Given data:

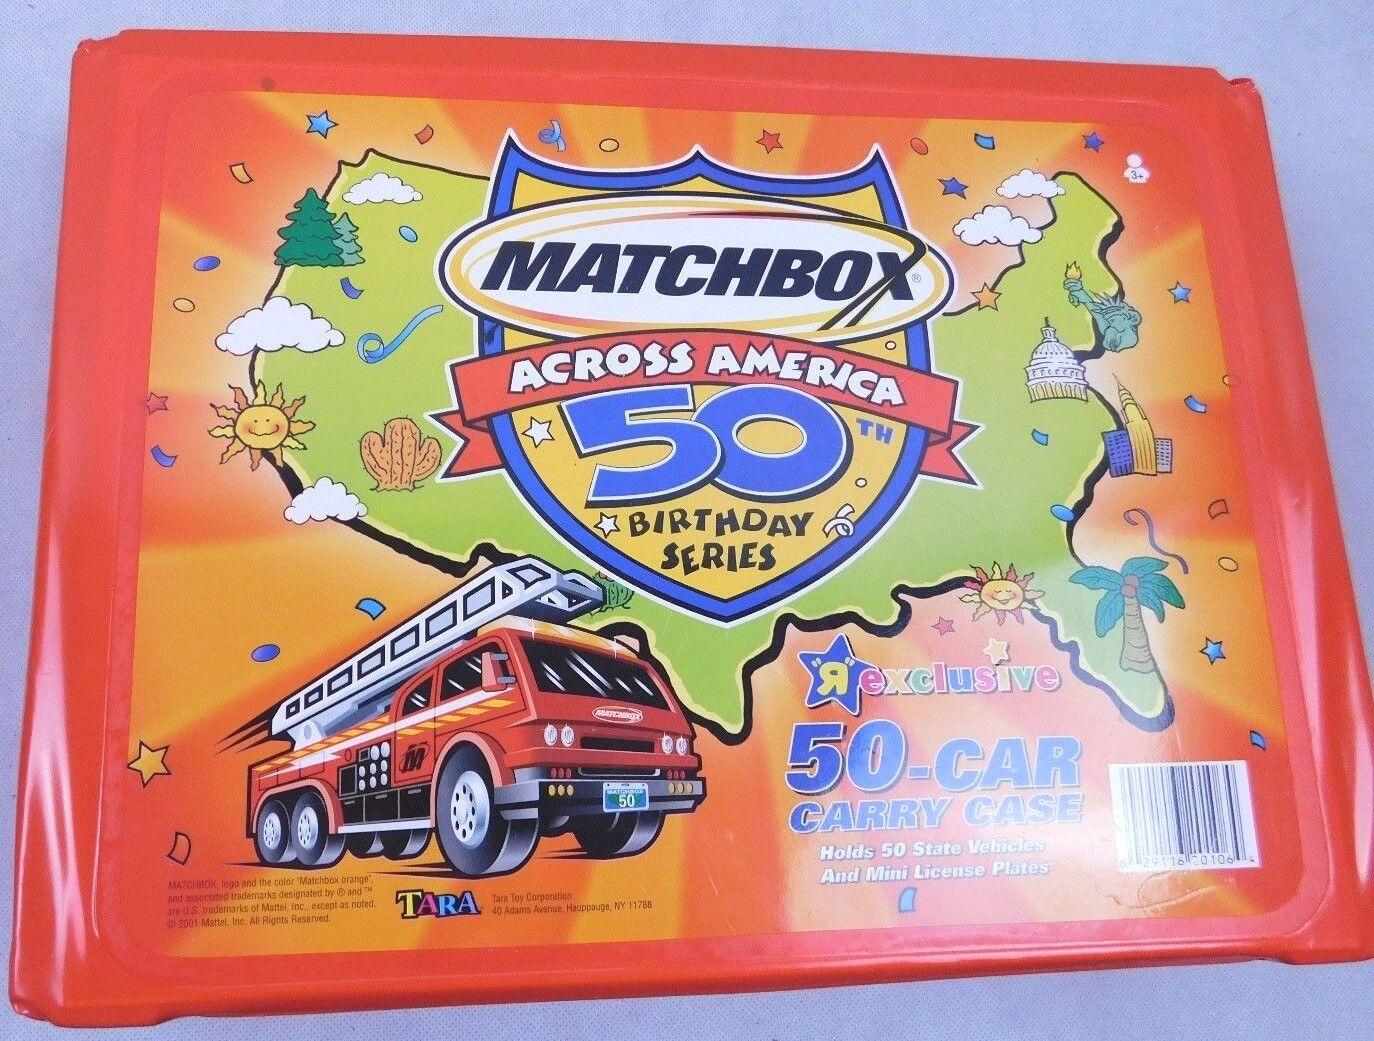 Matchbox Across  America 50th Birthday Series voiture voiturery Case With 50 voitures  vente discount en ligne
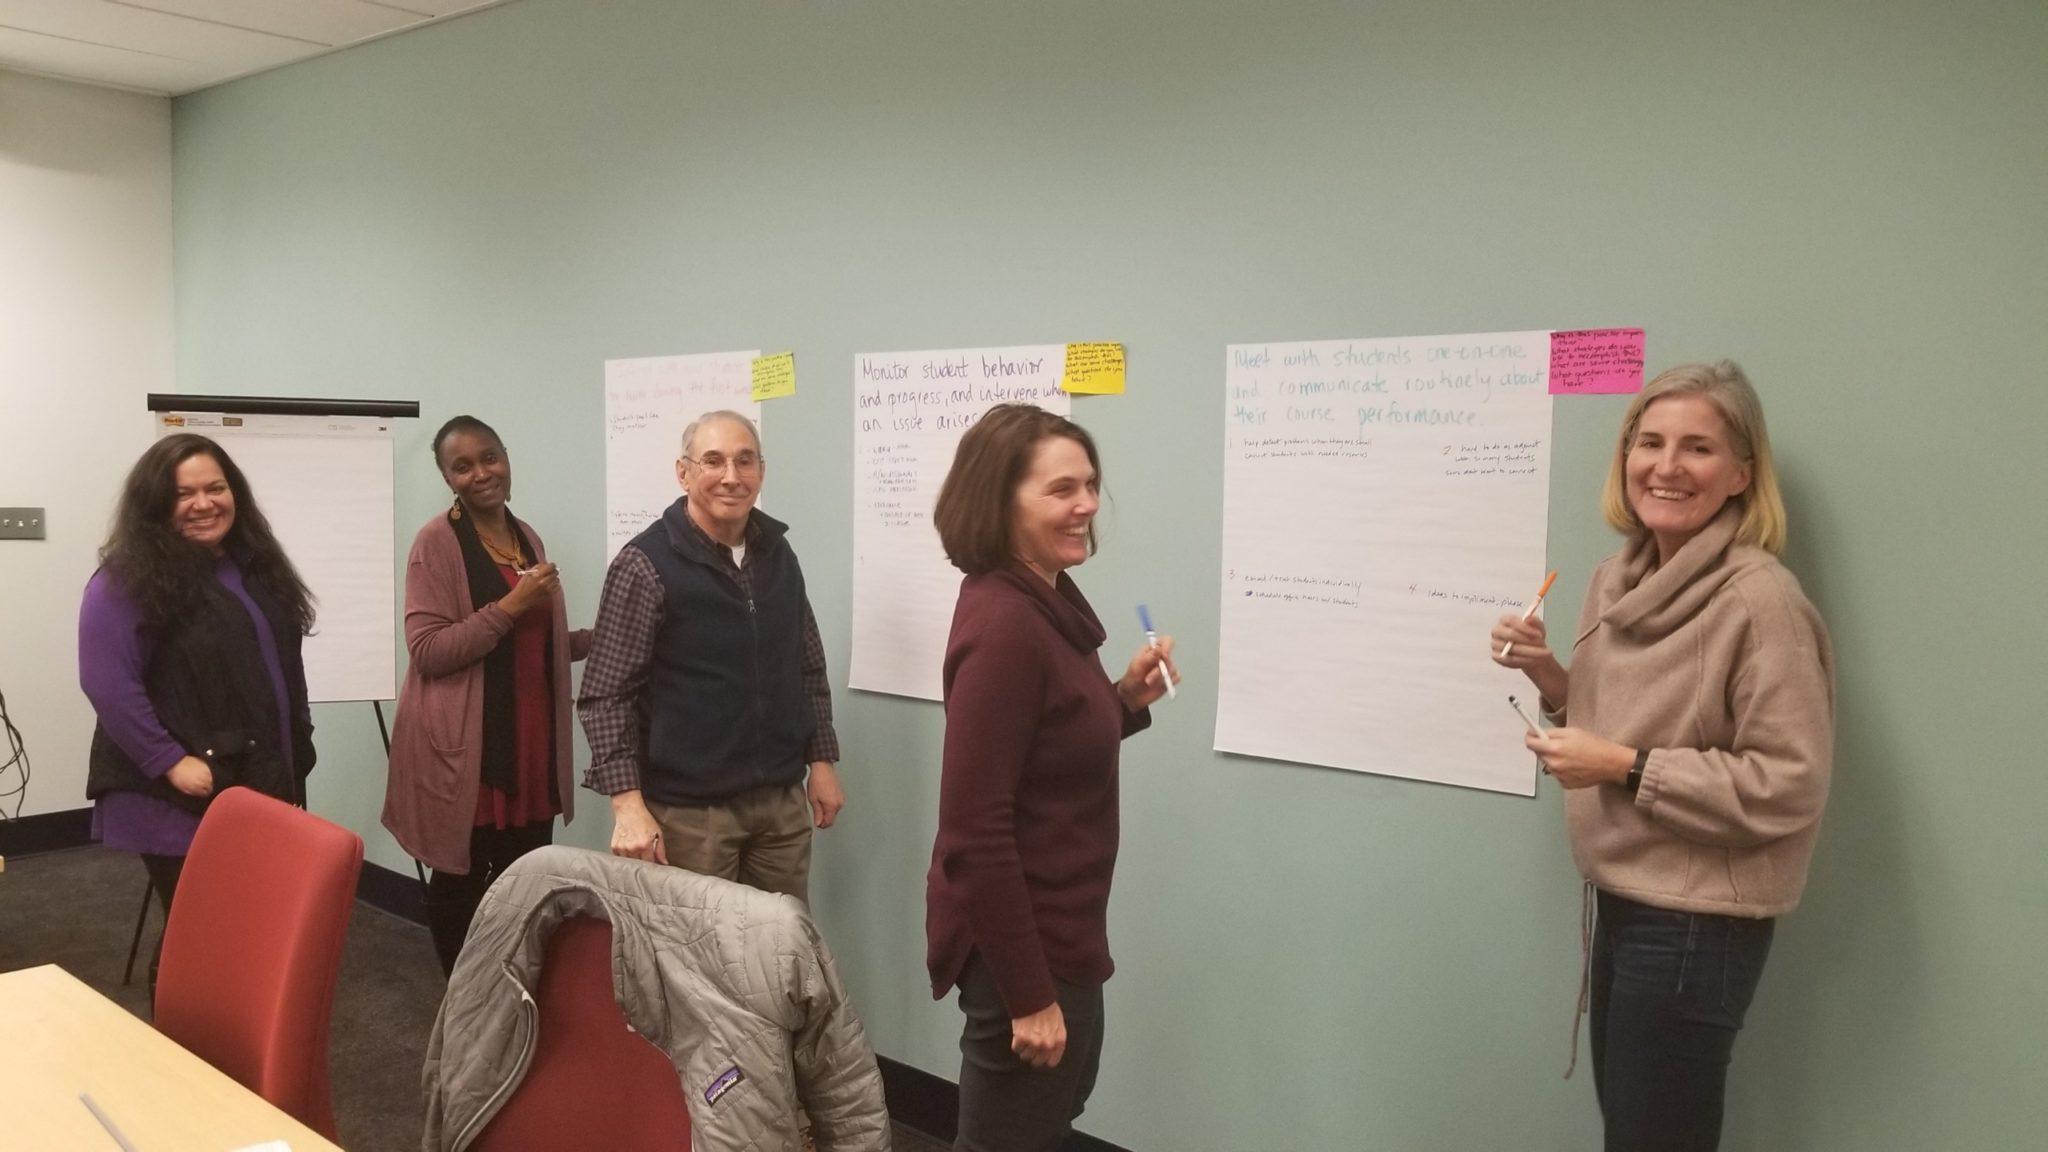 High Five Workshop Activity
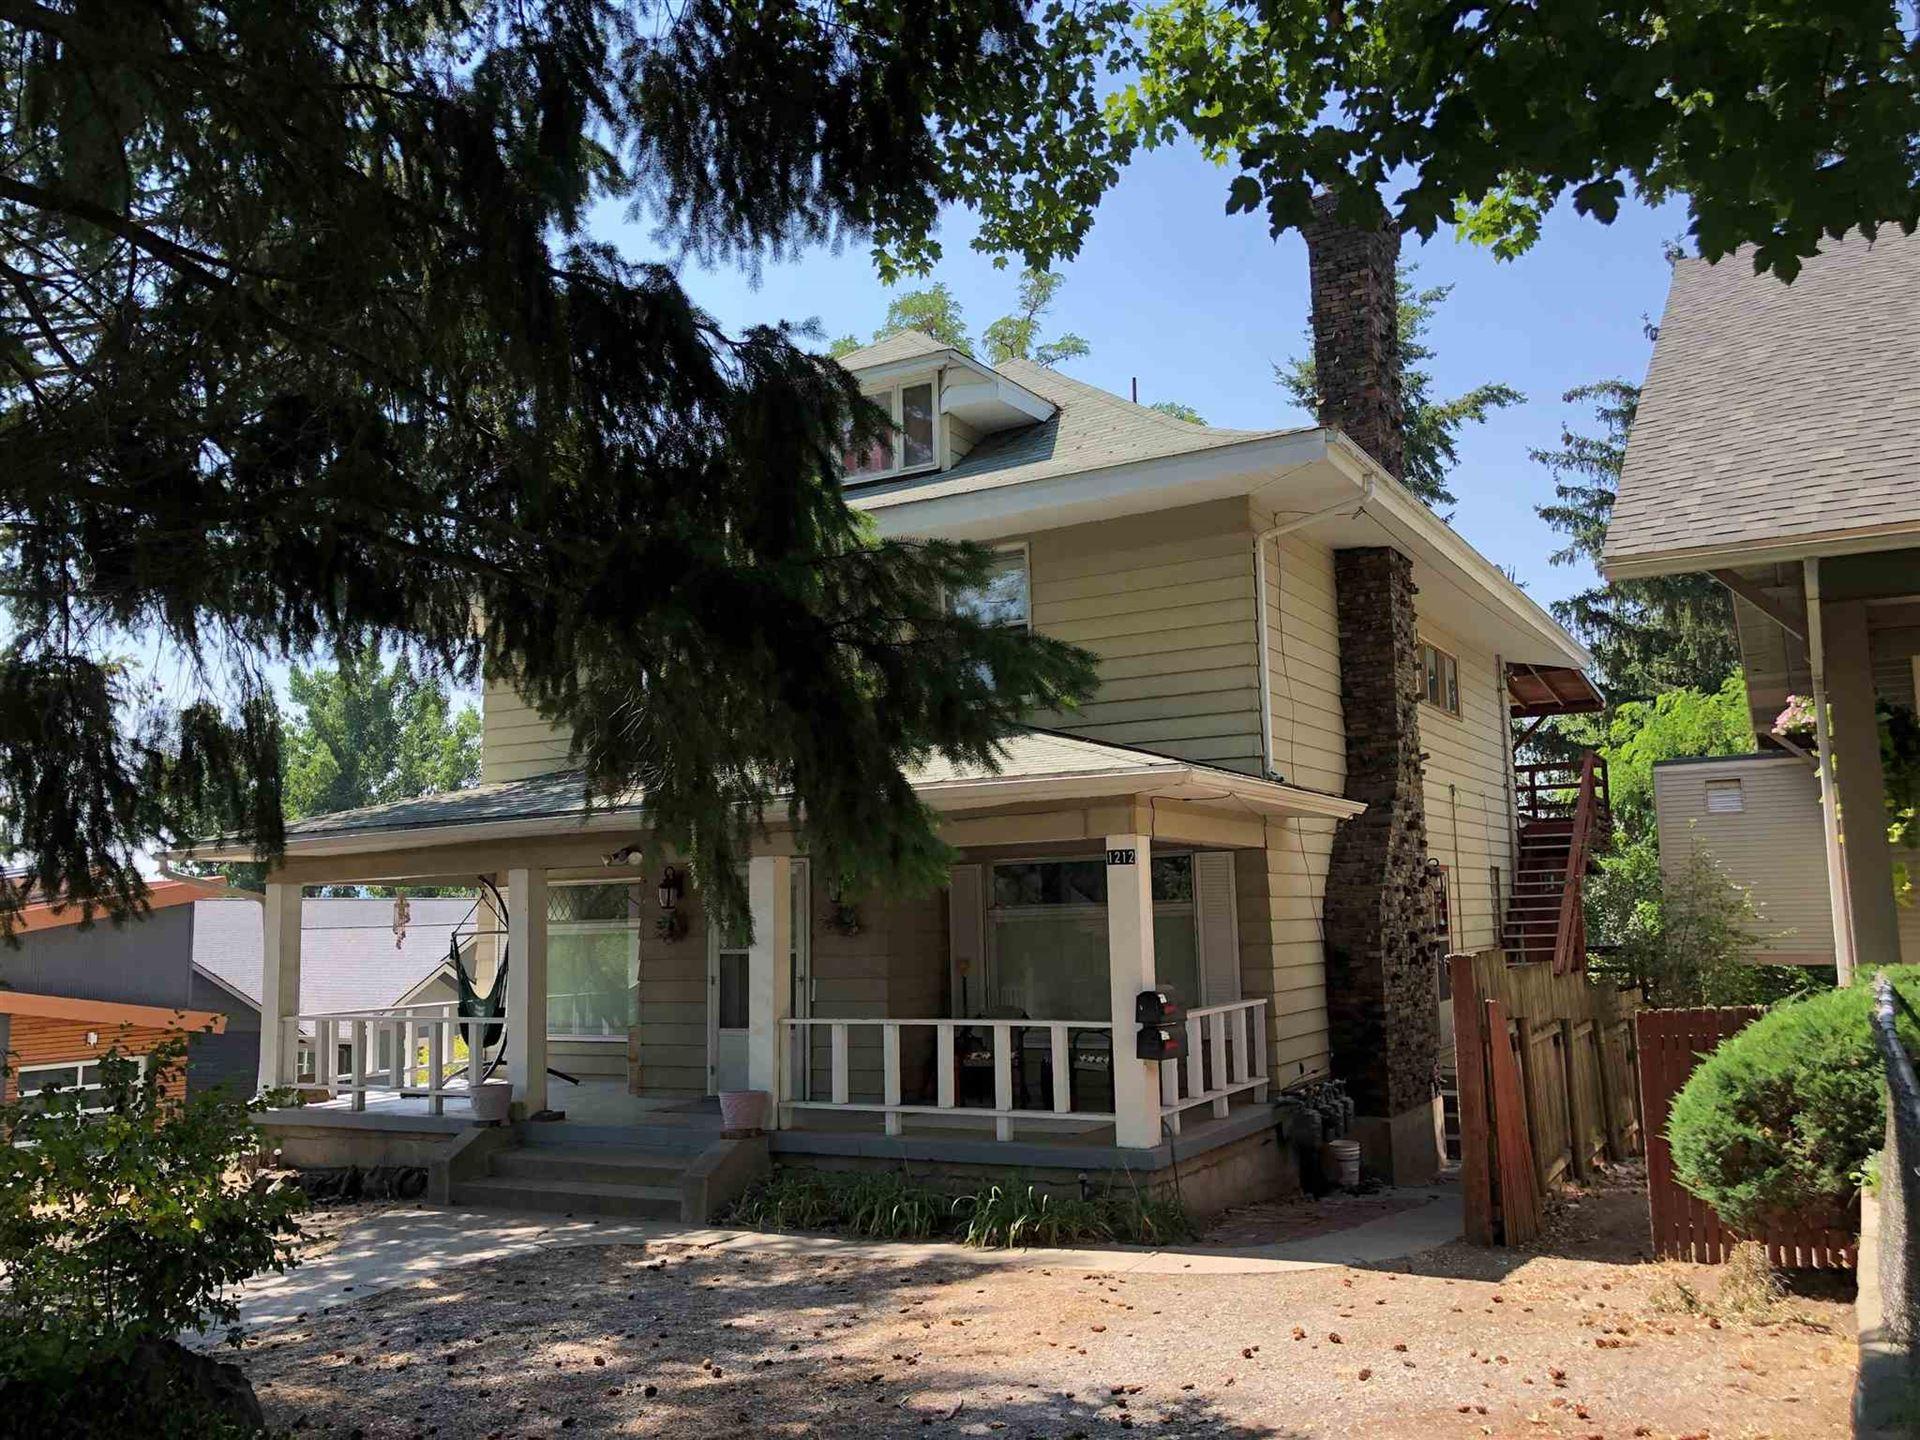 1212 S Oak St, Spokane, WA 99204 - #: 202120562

What you have to do: Set down the material once more, exactly, with the pictures omitted.

Answer section:
 Matchbox Across  America 50th Birthday Series voiture voiturery Case With 50 voitures  vente discount en ligne
 High Five Workshop Activity
 1212 S Oak St, Spokane, WA 99204 - #: 202120562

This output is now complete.